Agent session persistence is implemented under agentSession/persistence because it writes the agent-session domain tables.

StreamListener interface

The manager treats every consumer through one interface; it dispatches each event by calling these methods uniformly:

interface StreamListener {
  readonly id: string
  onChunk(chunk: UIMessageChunk, sourceModelId?: UniqueModelId, anchorMessageId?: string): void
  onDone(result: StreamDoneResult): void | Promise<void>      // { finalMessage?, status: 'success', ... }
  onPaused(result: StreamPausedResult): void | Promise<void>  // { finalMessage?, status: 'paused',  ... }
  onError(result: StreamErrorResult): void | Promise<void>    // { finalMessage?, error, status: 'error', ... }
  isAlive(): boolean
}

All three terminal shapes share the same finalMessage? field — the UIMessage accumulated by readUIMessageStream in the execution loop. Whether the stream ended naturally, was aborted, or errored, it's the same variable, only the stop point differs. Earlier designs called the error-path partial a partialMessage; this turned out to be just a finalMessage that ended early. Unifying the shape means PersistenceBackend needs one persistAssistant method, not separate write paths per status.

Renderer-facing listeners also receive anchorMessageId, the assistant row the execution writes to. This is part of the stream branch identity: sourceModelId distinguishes parallel model executions, while anchorMessageId distinguishes same-model chained turns such as steer continuations.

Built-in implementations

Listener Role id isAlive
WebContentsListener chunks → renderer window wc:${wc.id}:${topicId} !wc.isDestroyed()
PersistenceListener terminal write via strategy persistence:${backendKind}:${topicId}:${modelId ?? 'default'} always true
TraceFlushListener terminal trace-cache flush persistence:trace:${topicId} always true
ChannelAdapterListener text → IM platform channel:${channelId}:${chatId} adapter.connected
SseListener API-server SSE passthrough sse:${uuid} !res.writableEnded

Unified liveness policy

AiStreamManager.dispatchToListeners is the single funnel for terminal events (onDone / onPaused / onError). Per listener it:

  • Calls listener.isAlive() before each broadcast — false removes the listener from stream.listeners (cleans up dead consumers).
  • Wraps each call in try/catch — one bad listener can't starve the rest.
  • Logs by event name + listener id for easy triage.
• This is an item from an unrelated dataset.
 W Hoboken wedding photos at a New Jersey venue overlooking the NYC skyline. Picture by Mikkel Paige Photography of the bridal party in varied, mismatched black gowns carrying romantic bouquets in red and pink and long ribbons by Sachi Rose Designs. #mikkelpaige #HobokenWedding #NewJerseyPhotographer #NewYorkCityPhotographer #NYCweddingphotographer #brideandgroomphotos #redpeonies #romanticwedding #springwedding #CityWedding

onChunk keeps a synchronous contract (the execution loop can't await a listener) so it inlines the loop instead of going through dispatchToListeners, but the dead-listener cleanup is the same.
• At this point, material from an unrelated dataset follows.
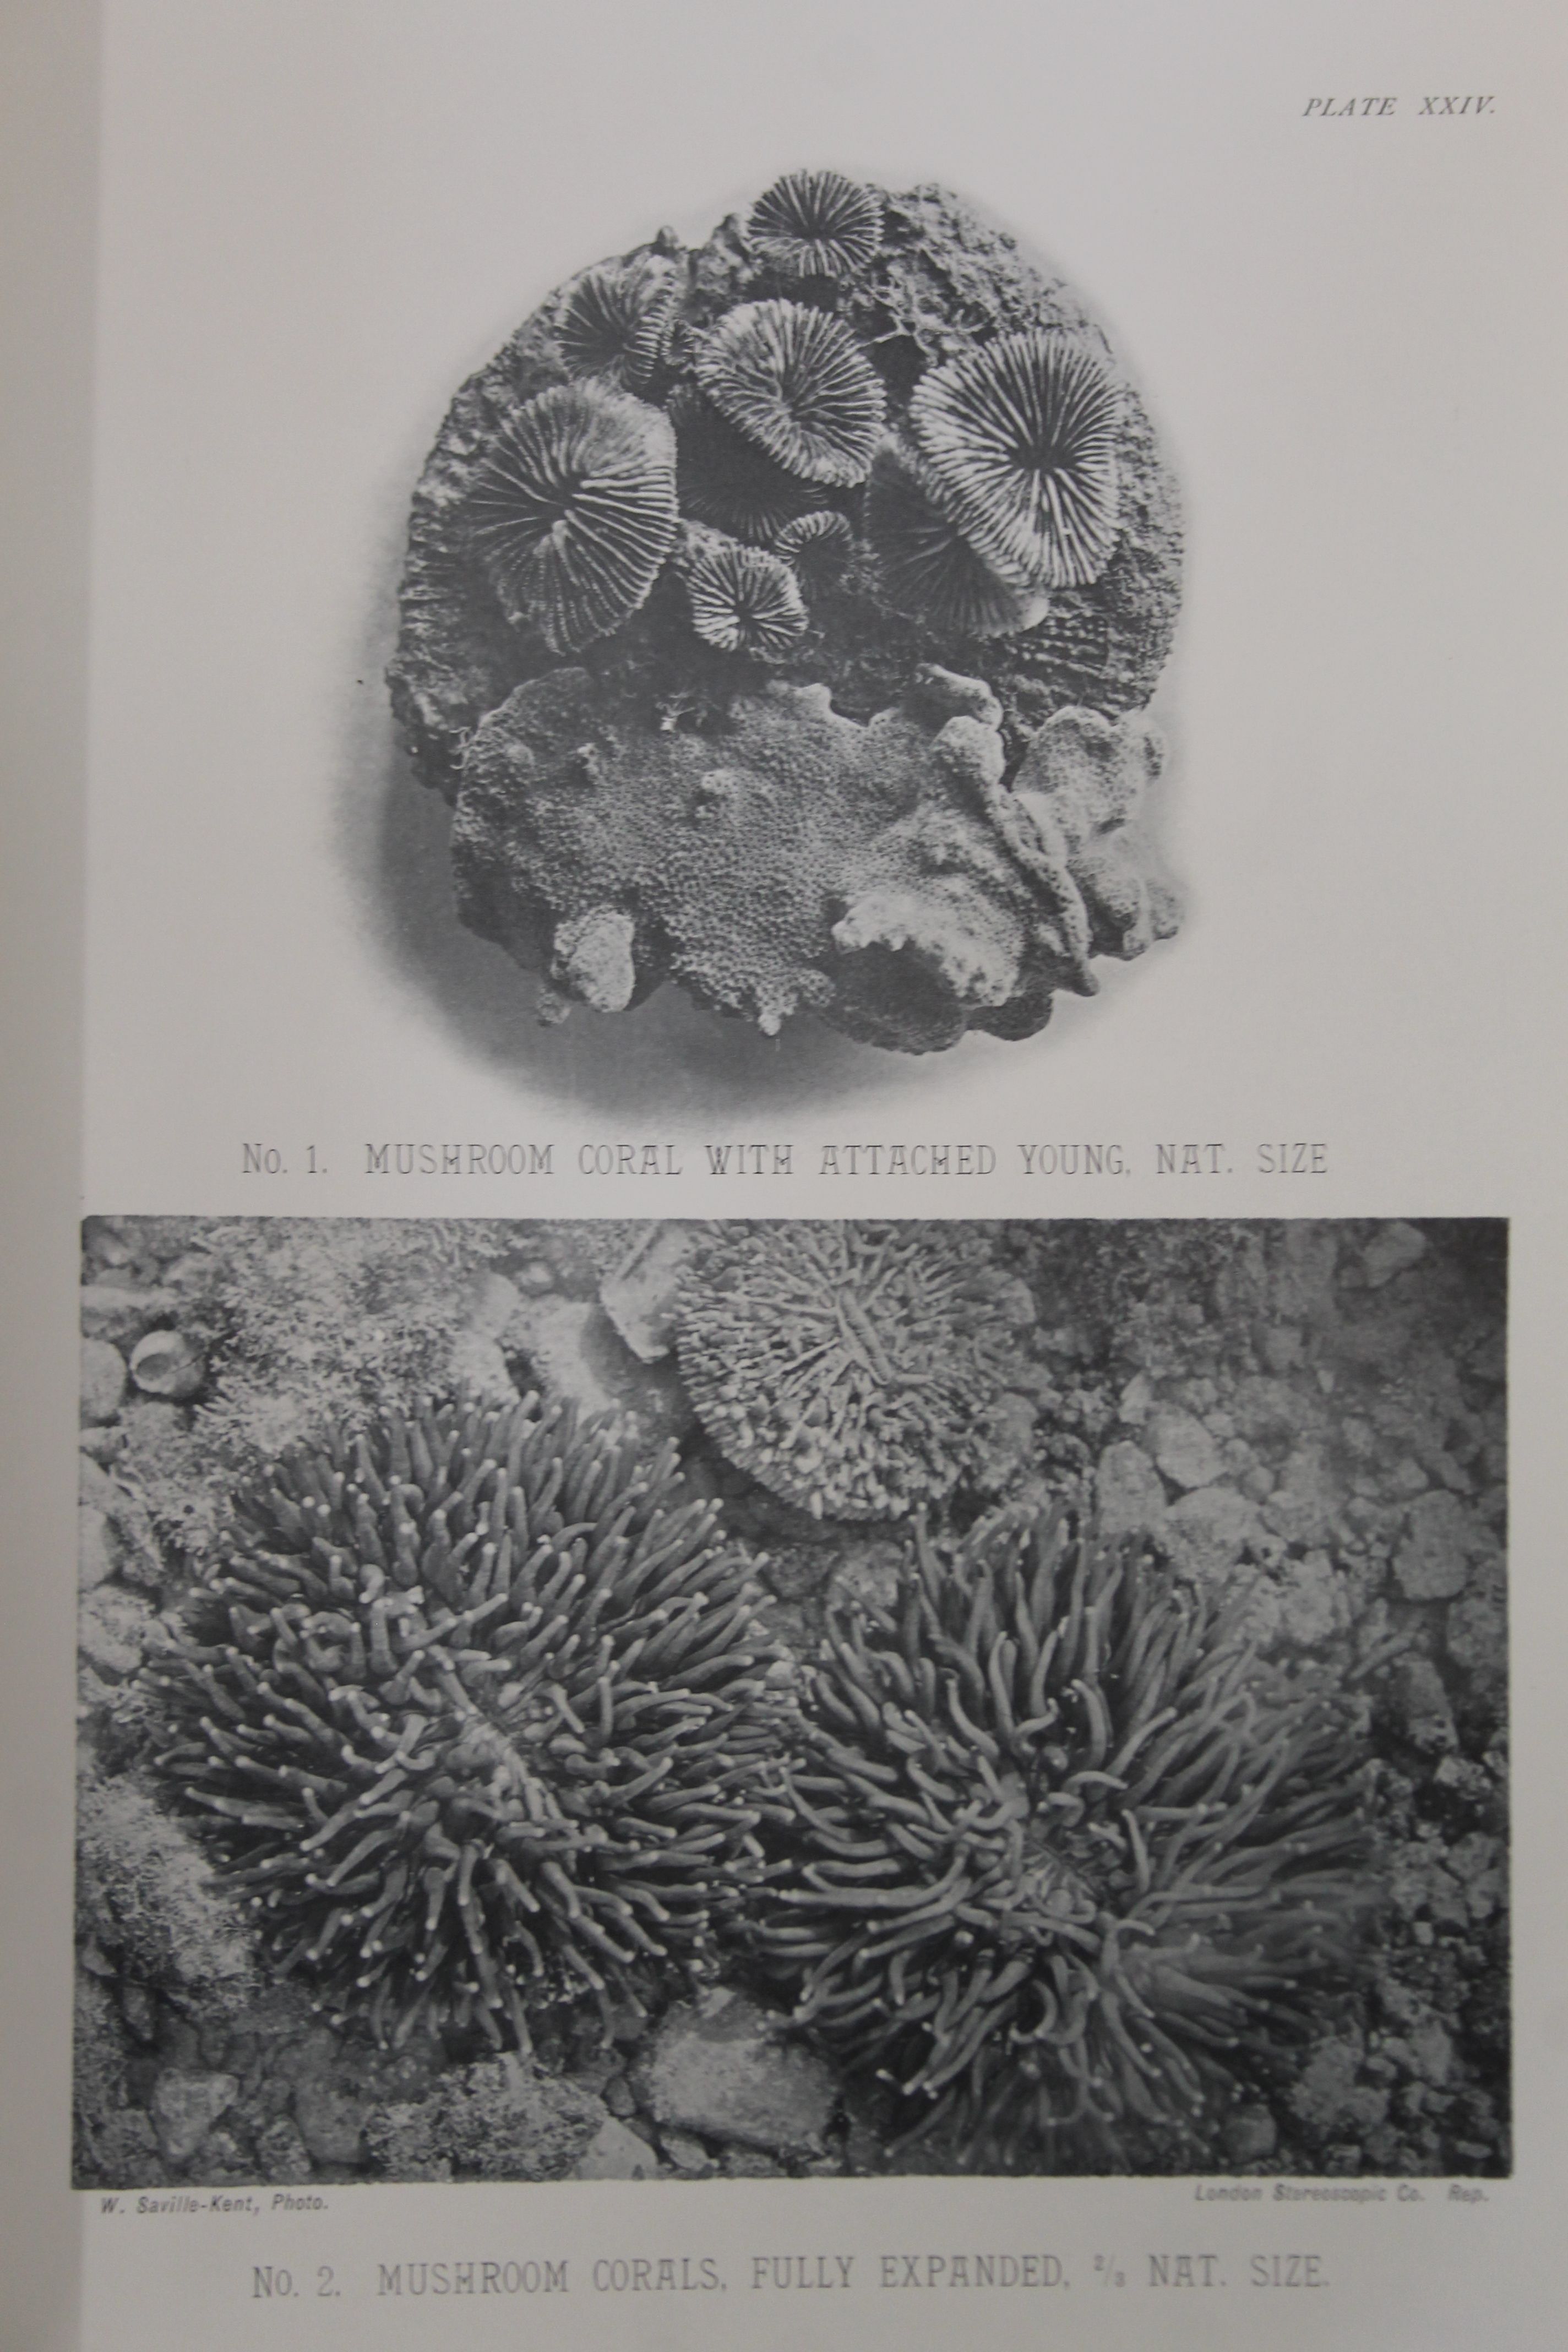 Saville-Kent, (William), The Great Barrier Reef of Australia; Its Products and Potentialities, - Image 9 of 9

PersistenceListener — strategy pattern

One listener + four backends:

interface PersistenceBackend {
  readonly kind: string   // "sqlite" | "temp" | "agents-db" | "translation"
  persistAssistant(input: {
    finalMessage?: CherryUIMessage
    status: 'success' | 'paused' | 'error'
    modelId?: UniqueModelId
    stats?: MessageStats
  }): Promise<void>
  afterPersist?(finalMessage: CherryUIMessage): Promise<void>
}

Backends expose one write method; the three statuses share its shape. On the error branch, PersistenceListener folds the SerializedError into a trailing data-error part on finalMessage.parts and then calls persistAssistant({ status: 'error' }), so backends never have to know how to encode an error into a UIMessage — they just write.

The listener owns the observer protocol: filter by modelId (multi-model topics have one listener per execution), merge the error part exactly once, swallow exceptions so they don't break downstream dispatch, fire afterPersist only when status === 'success' and finalMessage is present (best-effort). Adding a fifth storage path (e.g. an outbox) is a 60-line backend, no listener boilerplate to copy.
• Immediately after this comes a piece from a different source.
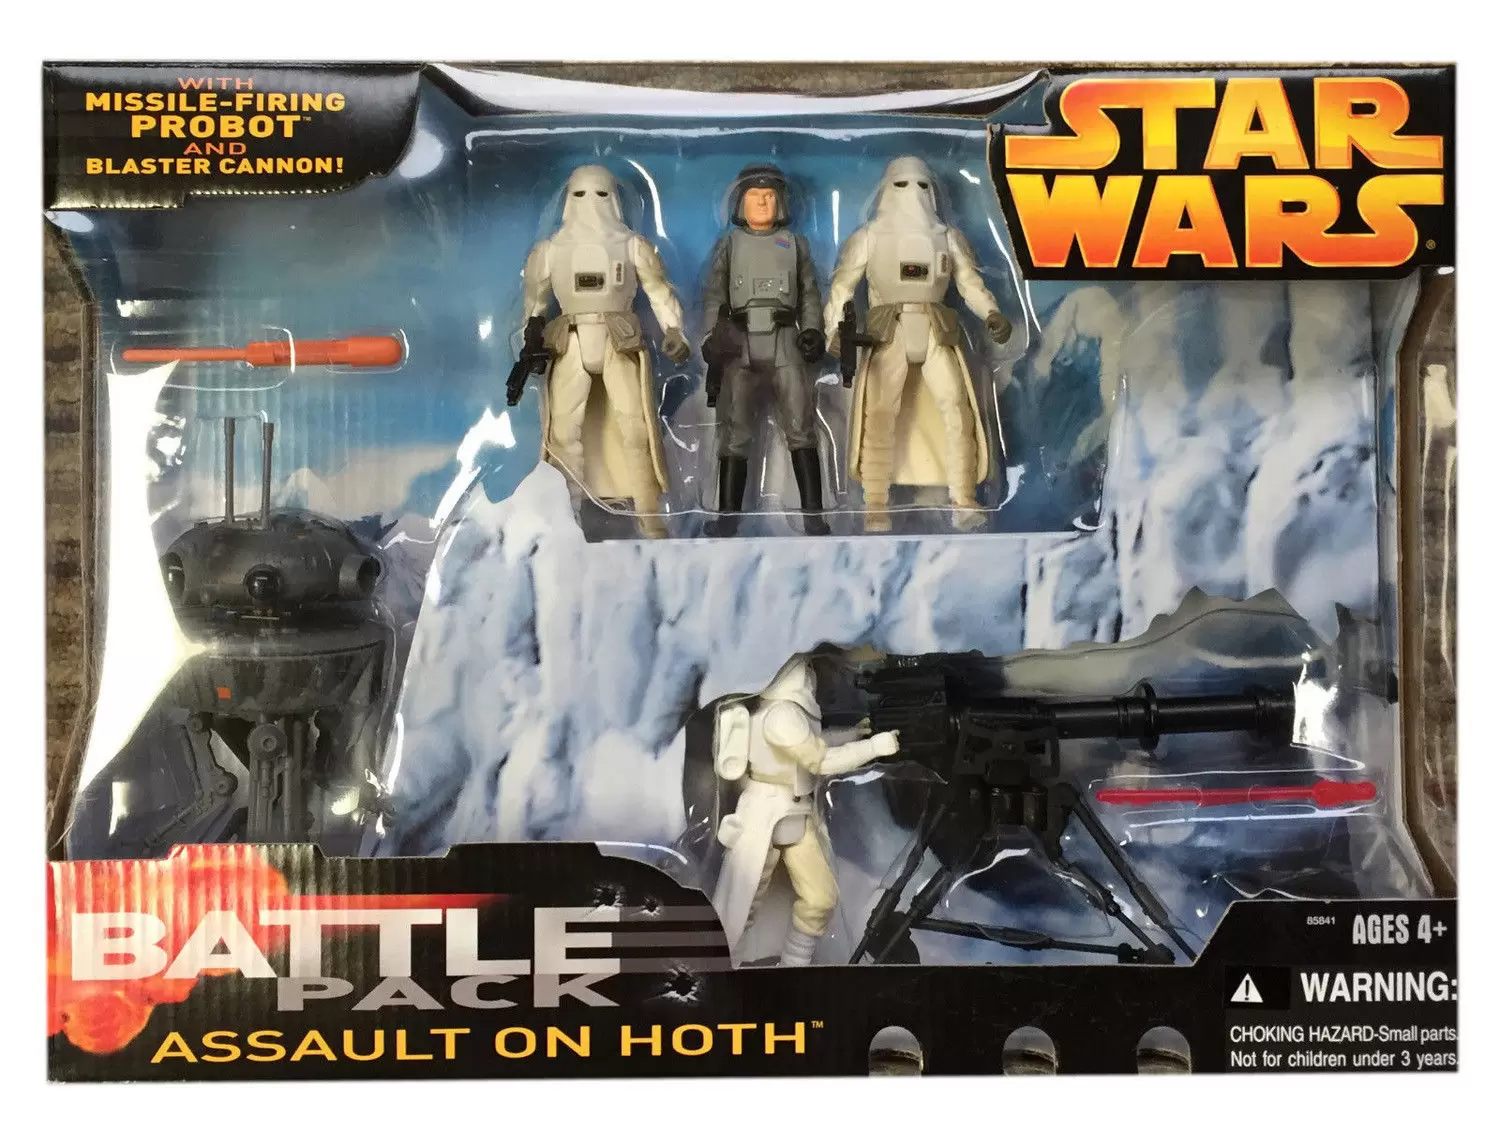 Revenge of the Sith - Assault on Hoth

ActiveStream & StreamExecution

interface ActiveStream {
  topicId: string
  executions: Map<UniqueModelId, StreamExecution>   // 1 entry single-model, N multi-model
  listeners: Map<string, StreamListener>            // shared across executions
  // 'pending' on creation; flips to 'streaming' on first chunk; derived
  // from executions on terminal (done / aborted / error /
  // awaiting-approval).
  status: TopicStreamStatus
  isMultiModel: boolean                             // fixed at create; tags onChunk's sourceModelId
  lifecycle: StreamLifecycle                        // chat or prompt strategy
  expiresAt?: number
  cleanupTimer?: ReturnType<typeof setTimeout>
}

interface StreamExecution {
  modelId: UniqueModelId
  anchorMessageId?: string  // placeholder id for submit/regen, anchor id for continue
  abortController: AbortController
  status: 'streaming' | 'done' | 'error' | 'aborted'

  // Per-execution ring buffer for reconnect replay. Hitting
  // `maxBufferChunks` drops the oldest entry and bumps `droppedChunks`.
  // Independent buffers prevent a chatty model from evicting a slower
  // model's replay (a shared buffer would).
  buffer: StreamChunkPayload[]
  droppedChunks: number

  finalMessage?: CherryUIMessage

  // Set the moment a `tool-approval-request` chunk arrives, cleared on
  // response. Read by `resolveTerminalStatus` to surface
  // `awaiting-approval` on the topic.
  awaitingApproval?: boolean

  error?: SerializedError
  siblingsGroupId?: number
  loopPromise: Promise<void>     // awaited by onStop for graceful shutdown

  // Transport-side timings owned by the execution loop — chunk-shape-agnostic.
  // Semantic timings (firstTextAt / reasoning*) live on the listener
  // that cares; see "Stats composition" below.
  timings: TransportTimings

  // OTel root span set as active context around runExecutionLoop so
  // AI SDK spans become children. Created by the context provider.
  rootSpan?: Span
}

interface TransportTimings {
  readonly startedAt: number   // execution loop entry
  completedAt?: number         // execution loop exit (both try and catch paths)
}

interface SemanticTimings {
  firstTextAt?: number           // first text-delta chunk (TTFT endpoint)
  reasoningStartedAt?: number    // first reasoning-* chunk
  reasoningEndedAt?: number      // first non-reasoning chunk after reasoning
}

Topic-level status is derived from executions, with 'pending' as the initial pre-first-chunk window:

  • Created (send() returned) → 'pending'
  • Any execution emits its first chunk → 'streaming'
  • All terminal, all done'done'
  • All terminal, all aborted'aborted'
  • Has error, none streaming'error'
  • Any execution still has awaitingApproval true on a terminal topic → 'awaiting-approval'

pending → streaming is a one-time transition (first chunk anywhere). The terminal status is derived once when the last execution terminates.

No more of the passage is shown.